[[ INFORMATION PROVIDED open ]]

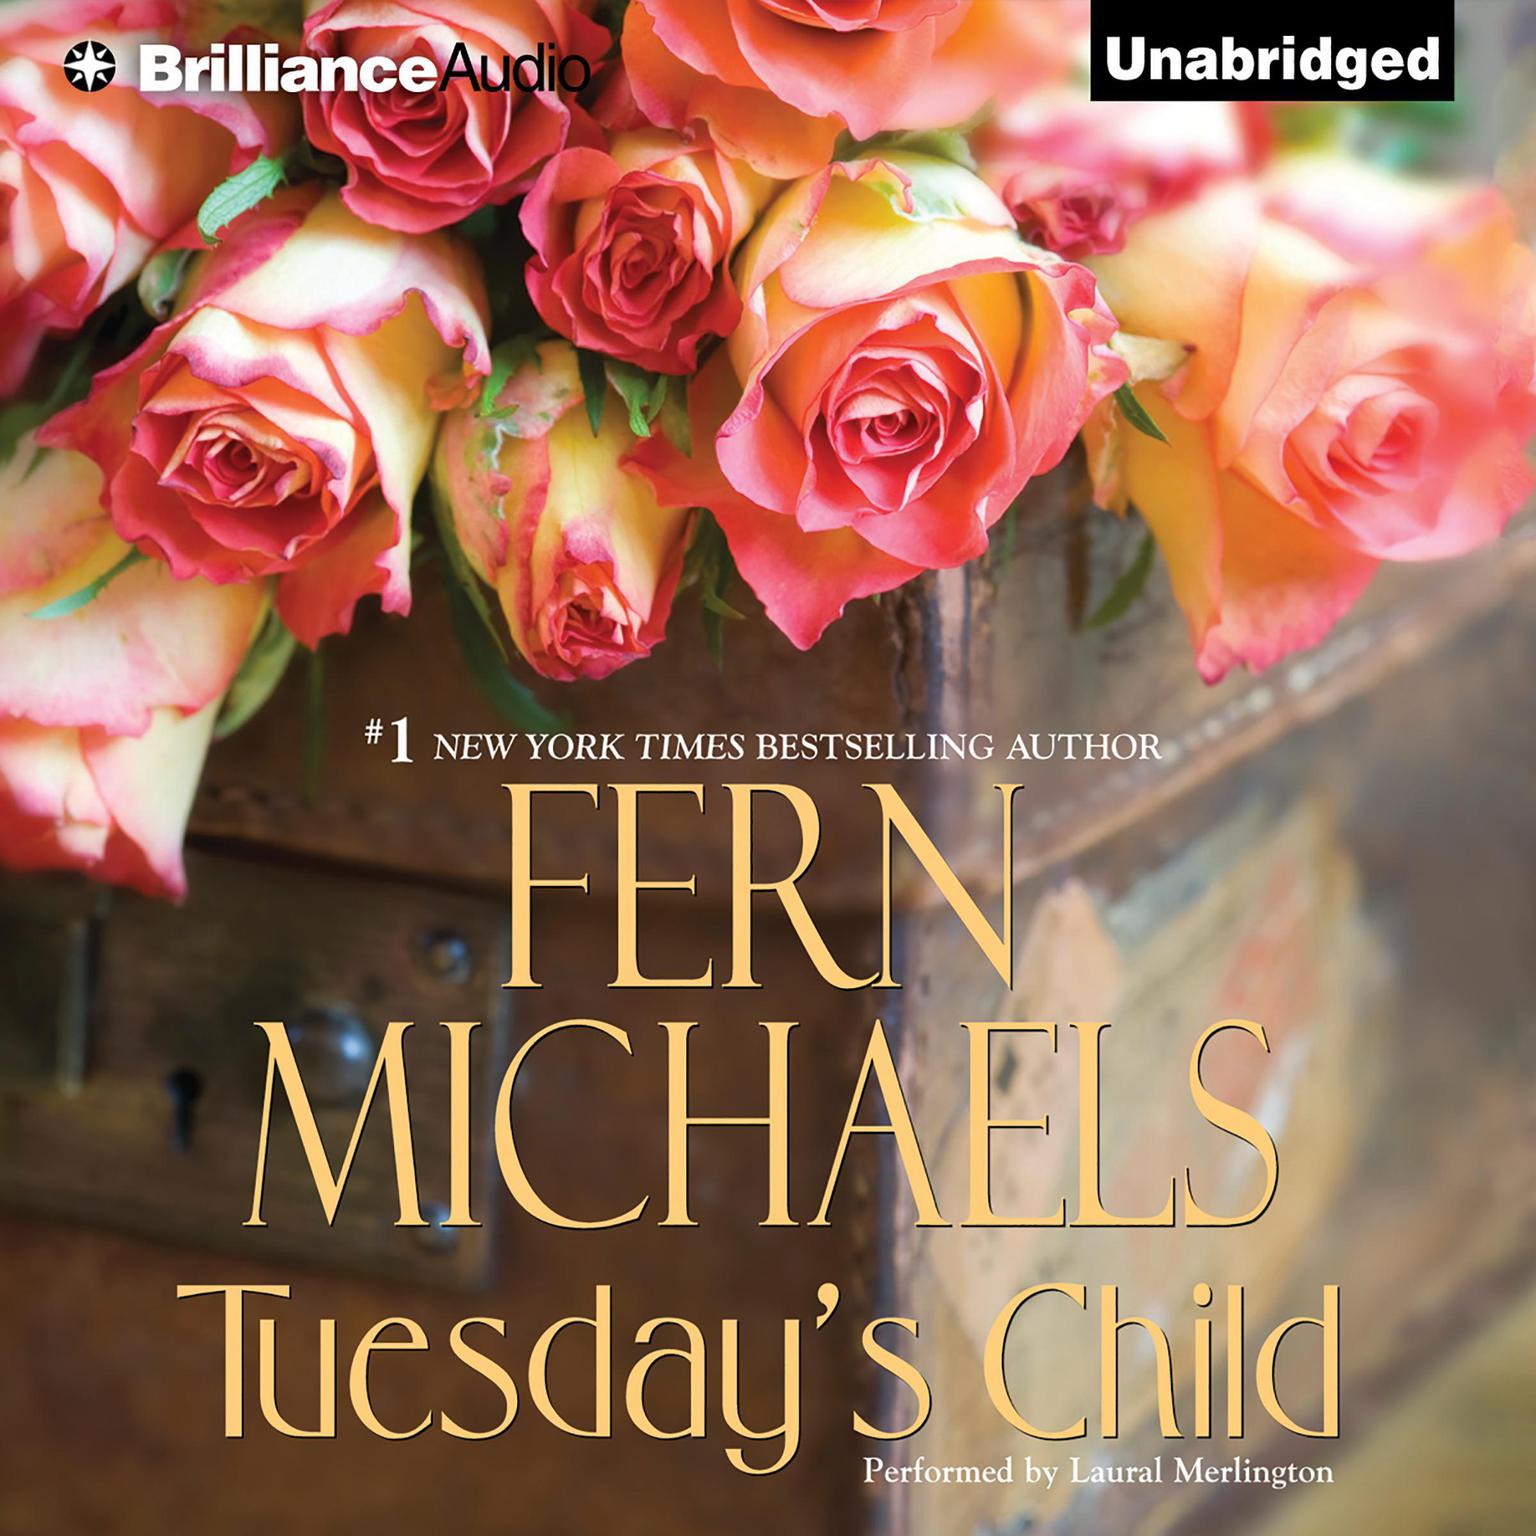 Tuesdays Child Audiobook, by Fern Michaels
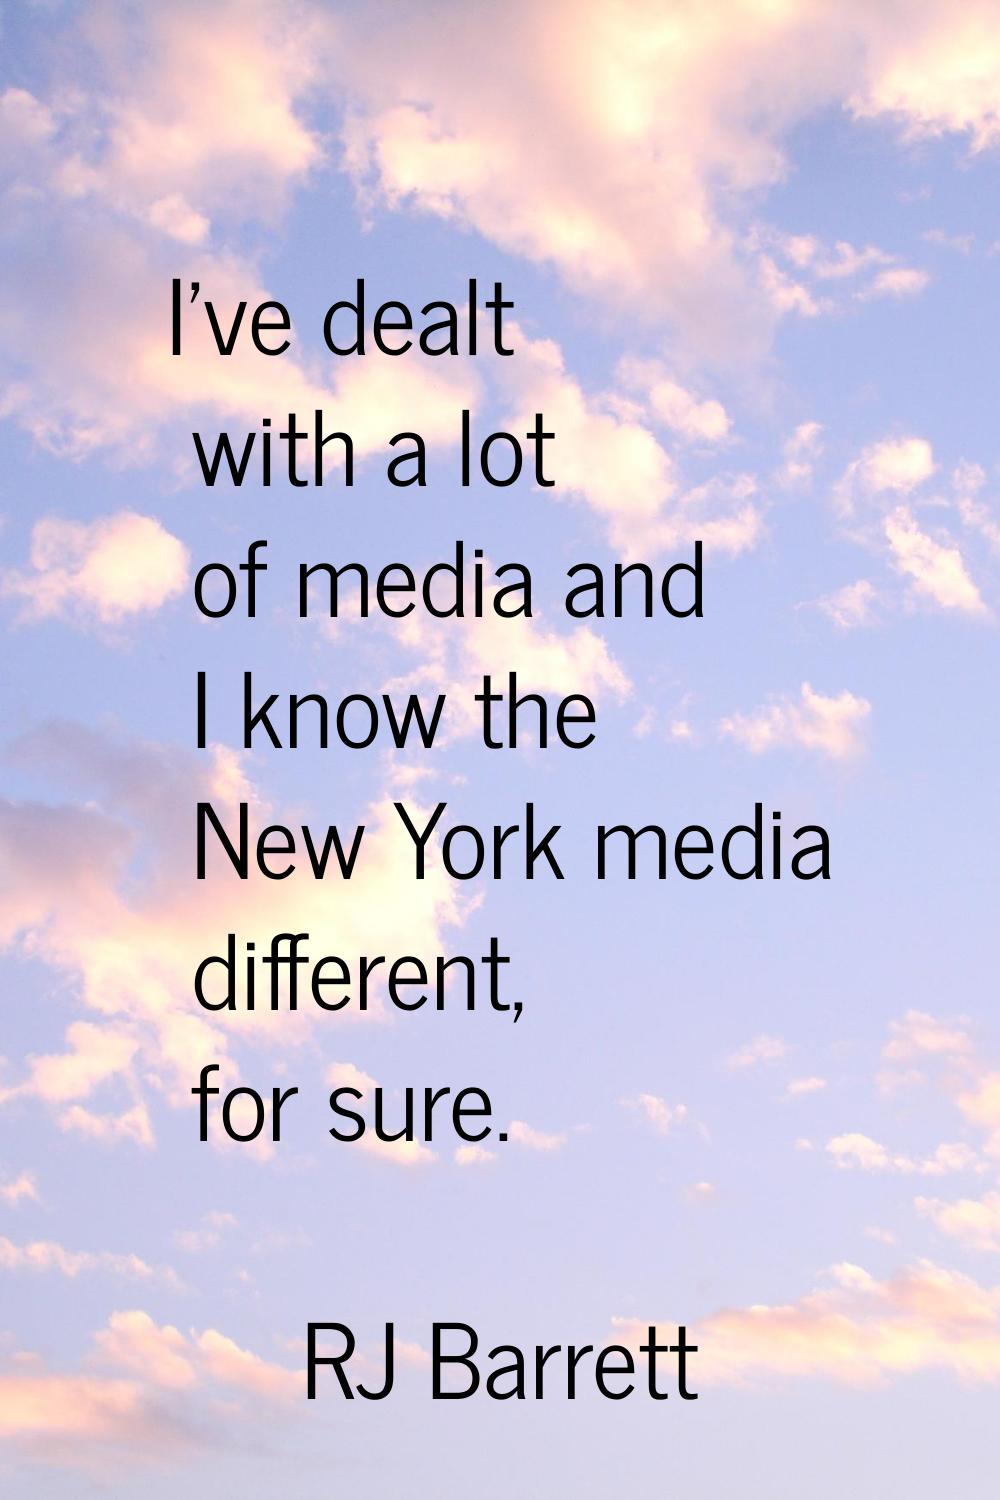 I've dealt with a lot of media and I know the New York media different, for sure.
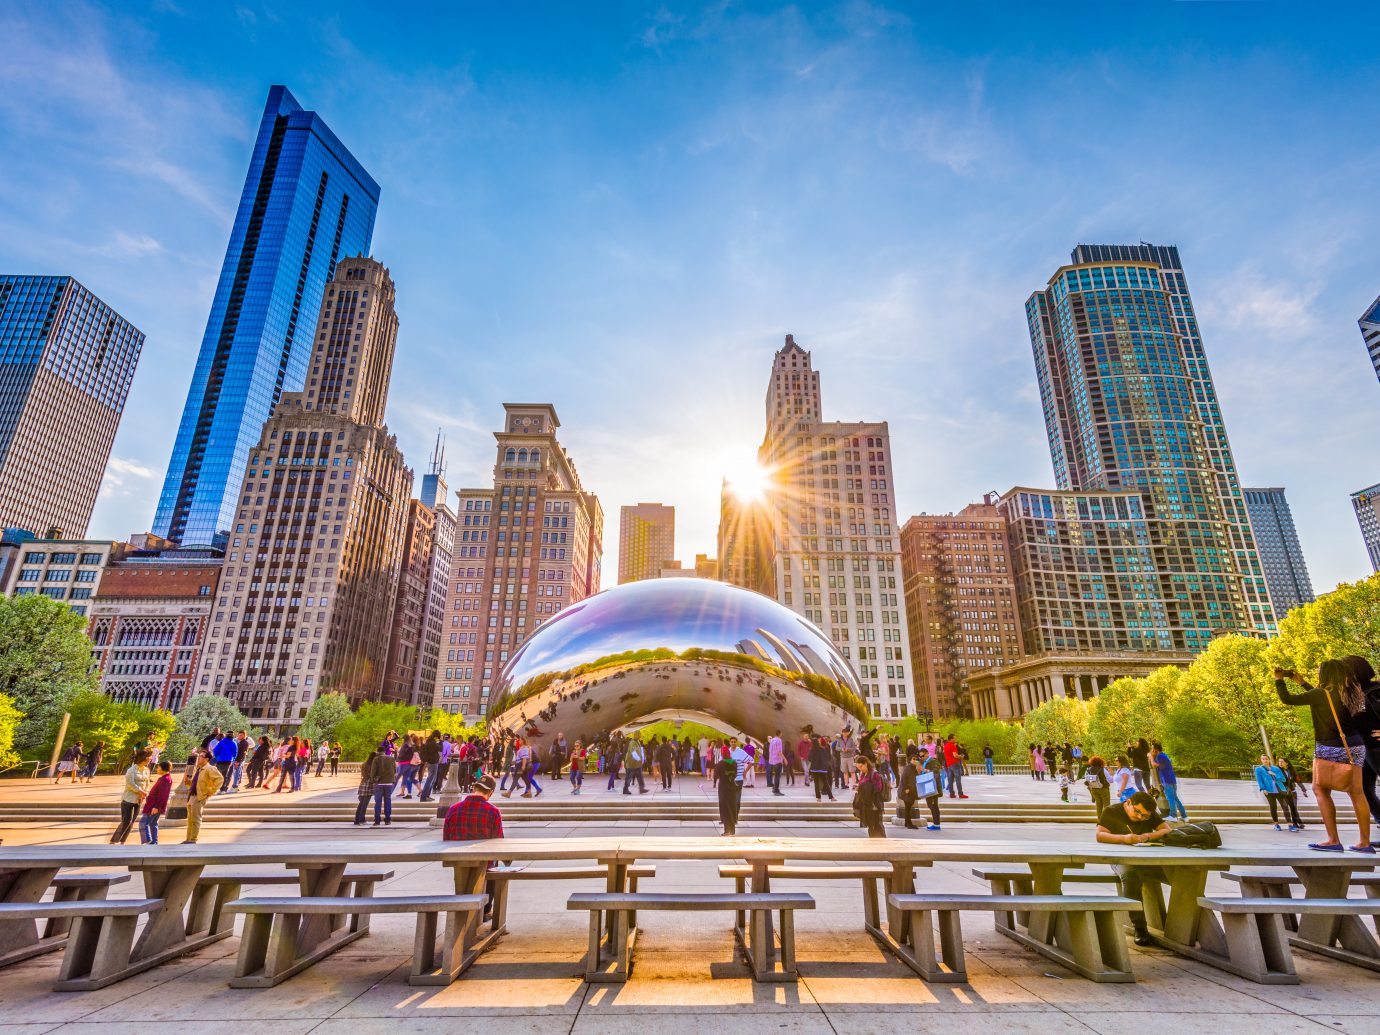 CHICAGO - ILLINOIS: MAY 9, 2018: Tourists visit Cloud Gate in Millennium Park in the late afternoon.

[[ INFORMATION PROVIDED closed ]]

:: REQUIRED WORK ::
Print the listing exactly, but skip its pictures.

:: TASK ANSWER ::
 Tuesdays Child Audiobook, by Fern Michaels
 I've dealt with a lot of media and I know the New York media different, for sure.
 CHICAGO - ILLINOIS: MAY 9, 2018: Tourists visit Cloud Gate in Millennium Park in the late afternoon.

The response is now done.